WHAT IS EXPECTED> From the first line to the last, output the data exactly as it stands, minus its pictures.

*** DATA BLOCK ***

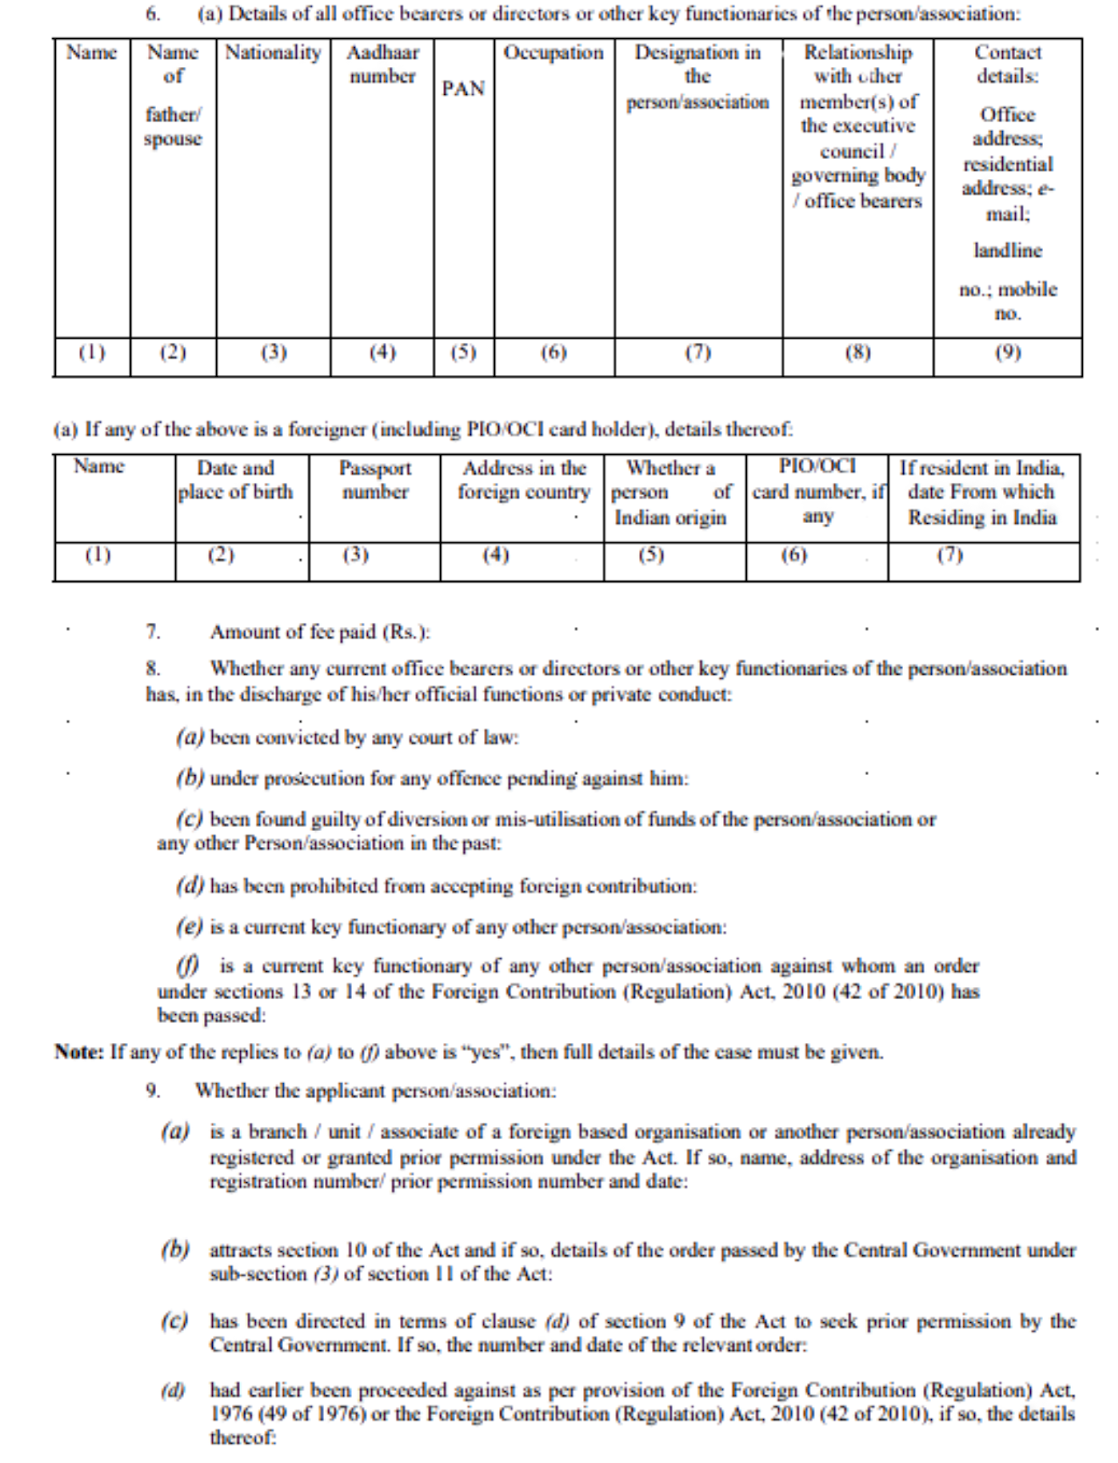 Sample Form of FC- 3A Application to be filled
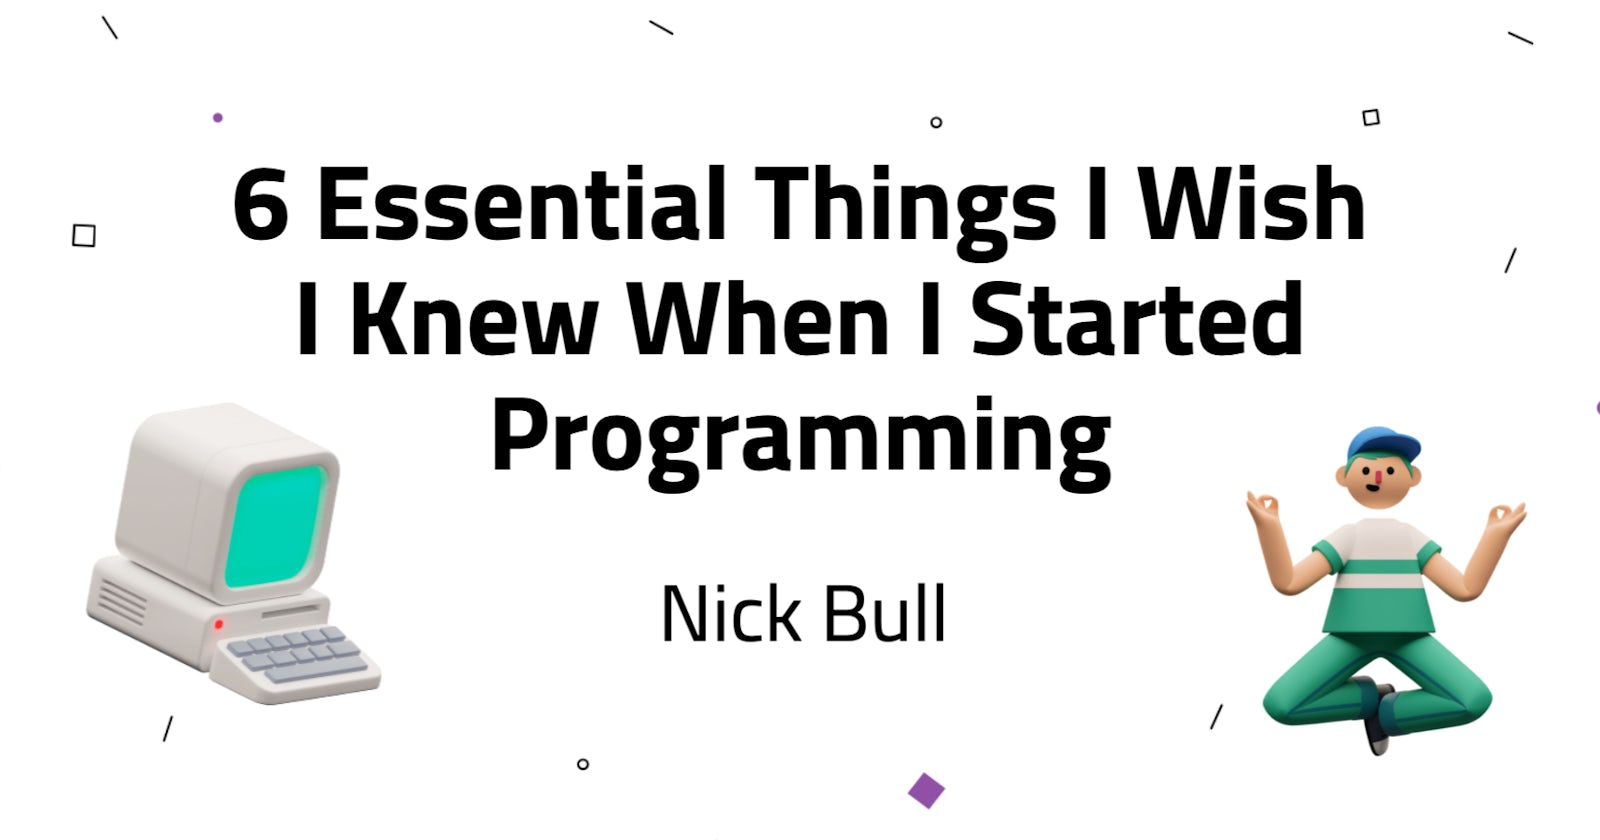 6 Essential Things I Wish I Knew When I Started Programming
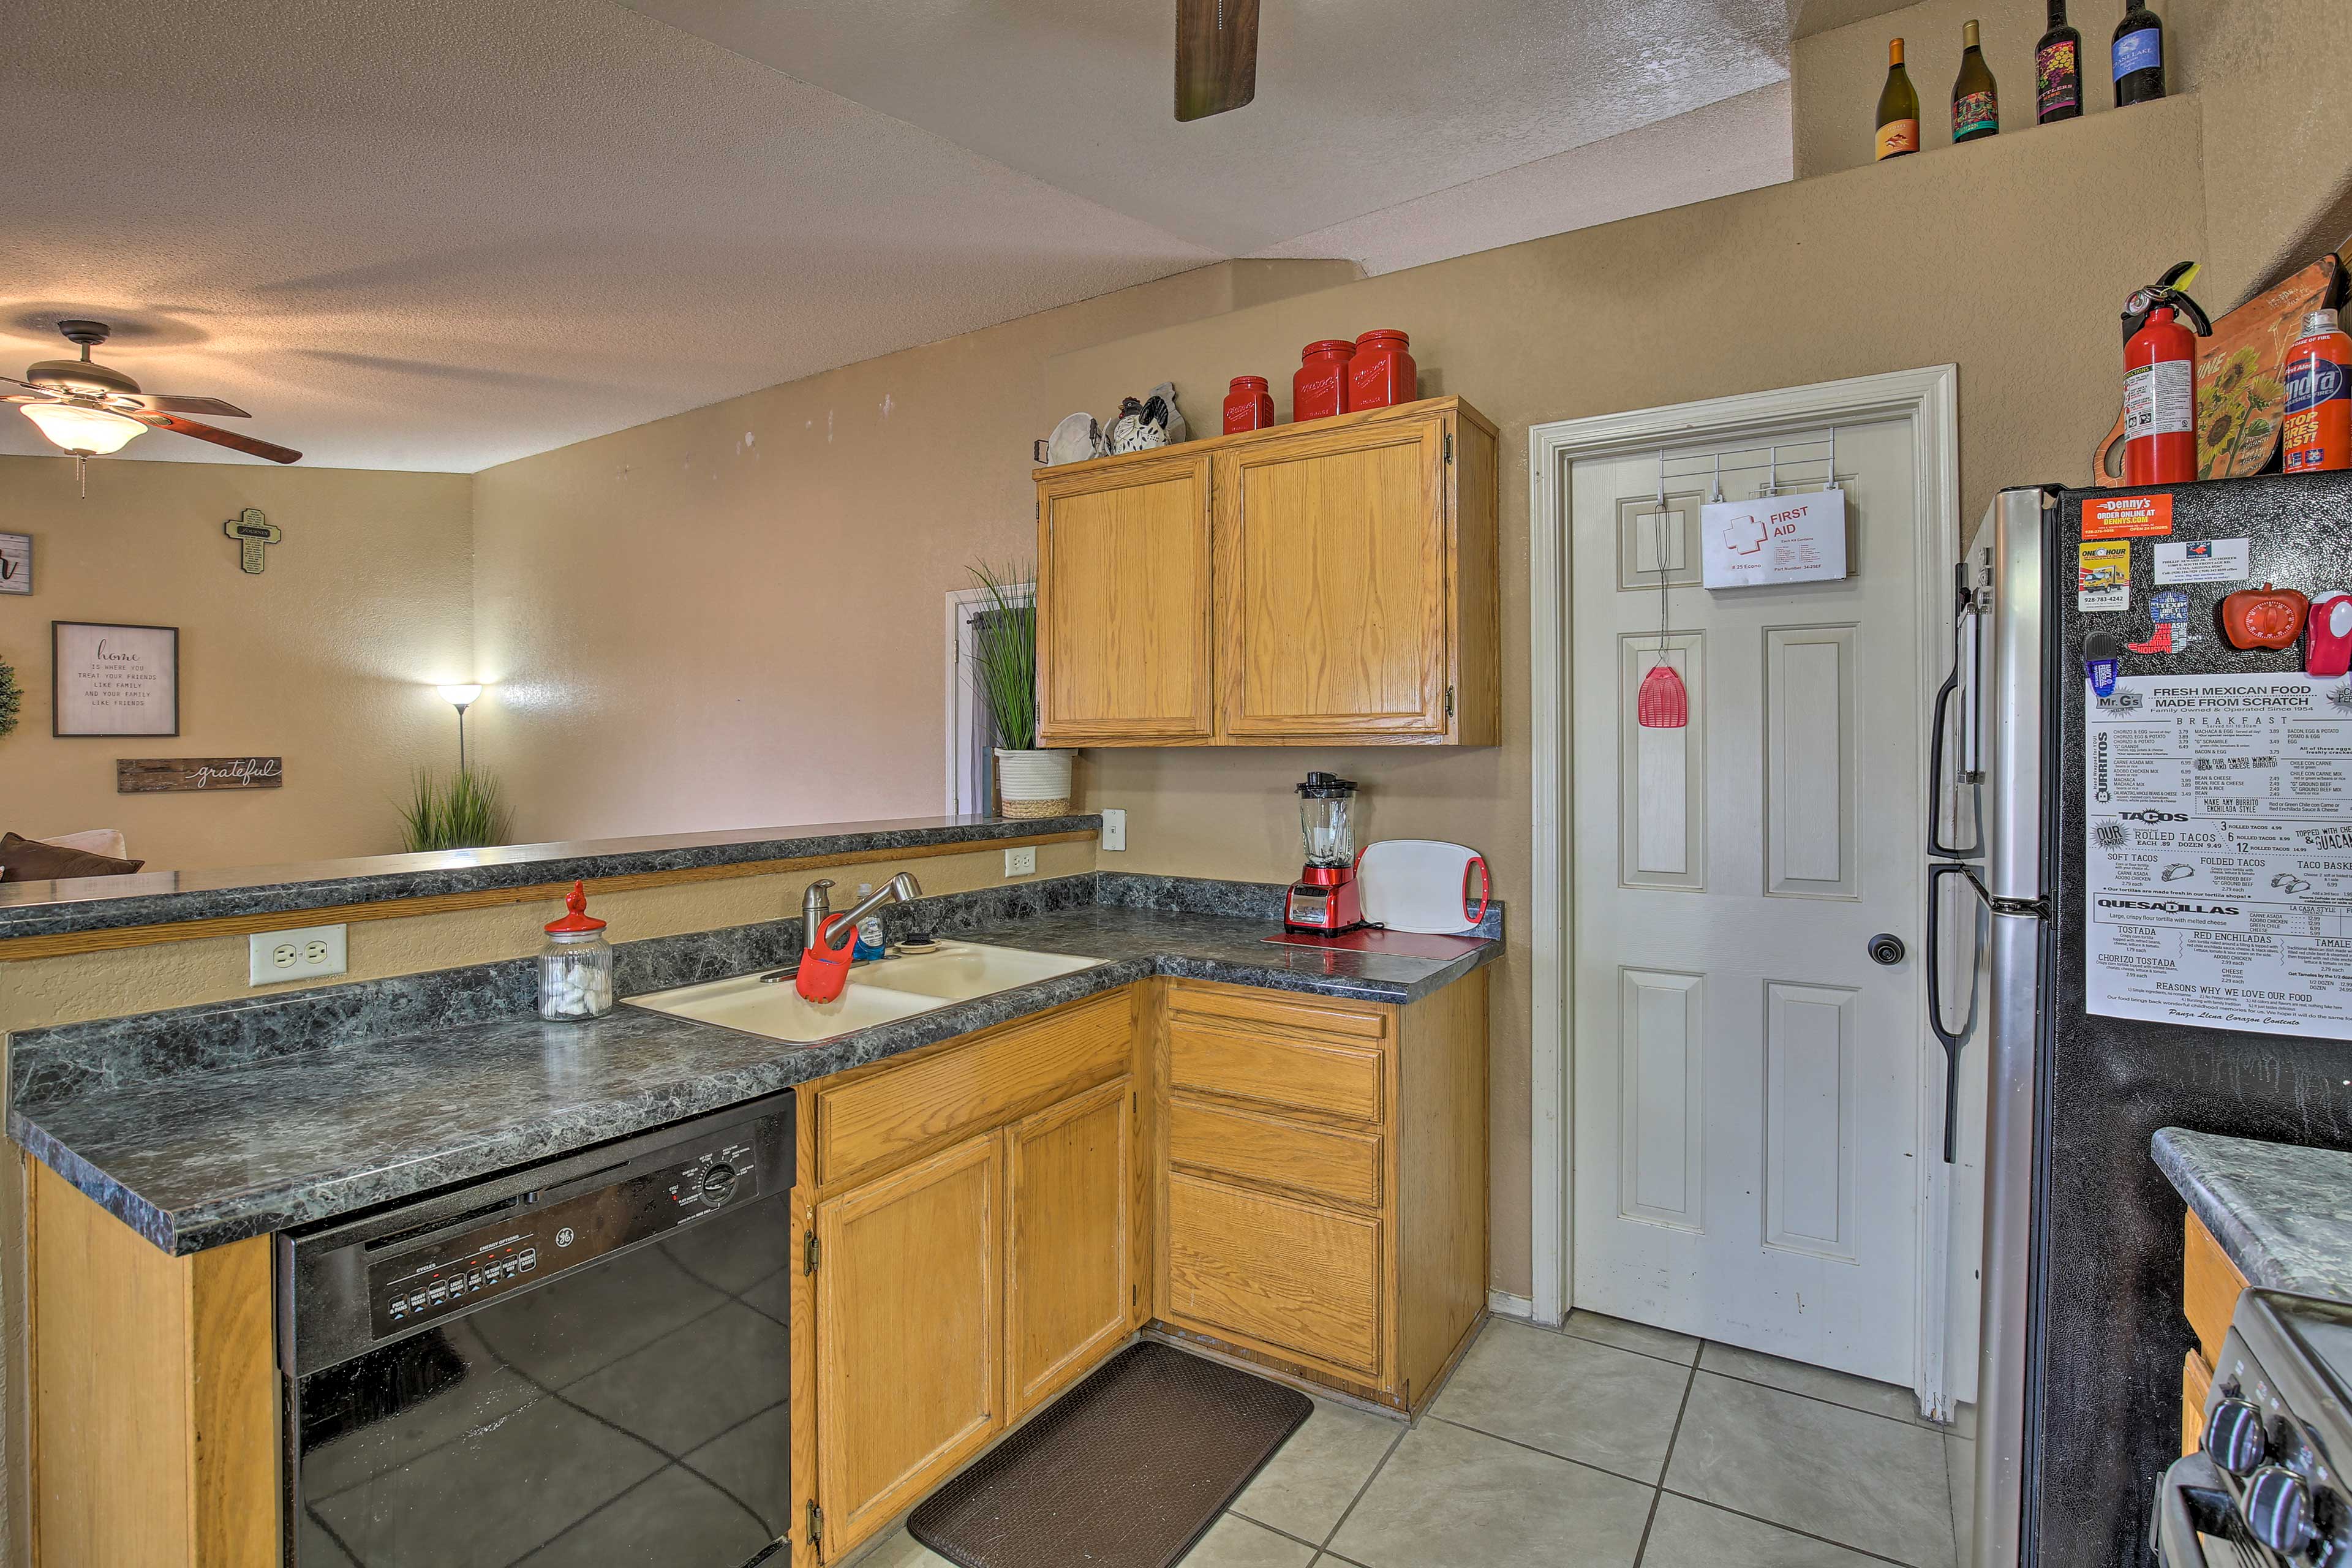 There's ample counter space in the fully equipped kitchen.
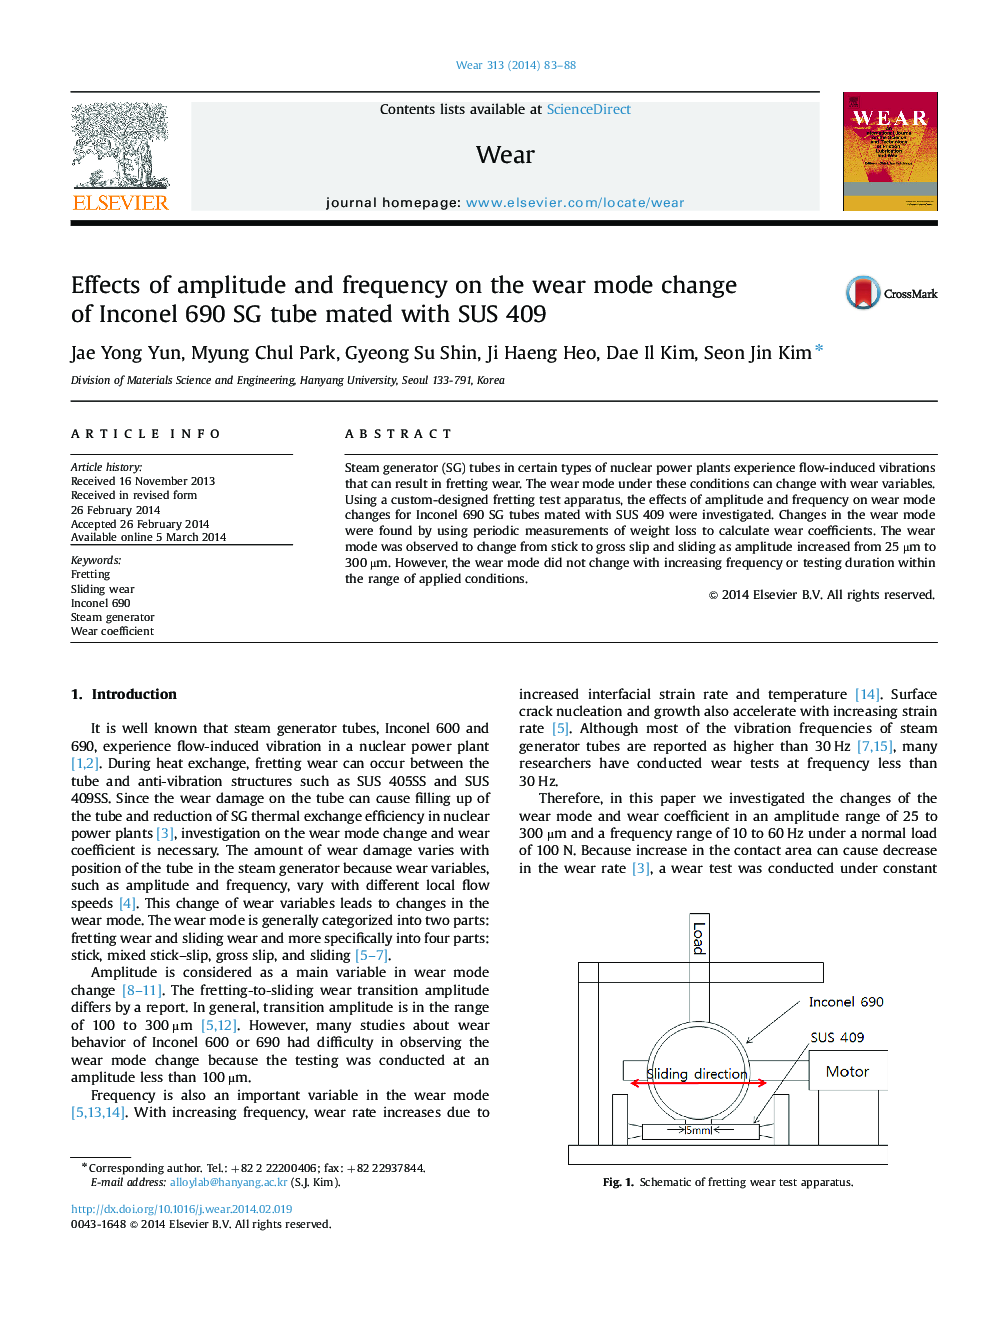 Effects of amplitude and frequency on the wear mode change of Inconel 690 SG tube mated with SUS 409

*** End of DATA BLOCK ***

EXERCISE SOLUTION>
 Sample Form of FC- 3A Application to be filled
 6 Essential Things I Wish I Knew When I Started Programming
 There's ample counter space in the fully equipped kitchen.
 Effects of amplitude and frequency on the wear mode change of Inconel 690 SG tube mated with SUS 409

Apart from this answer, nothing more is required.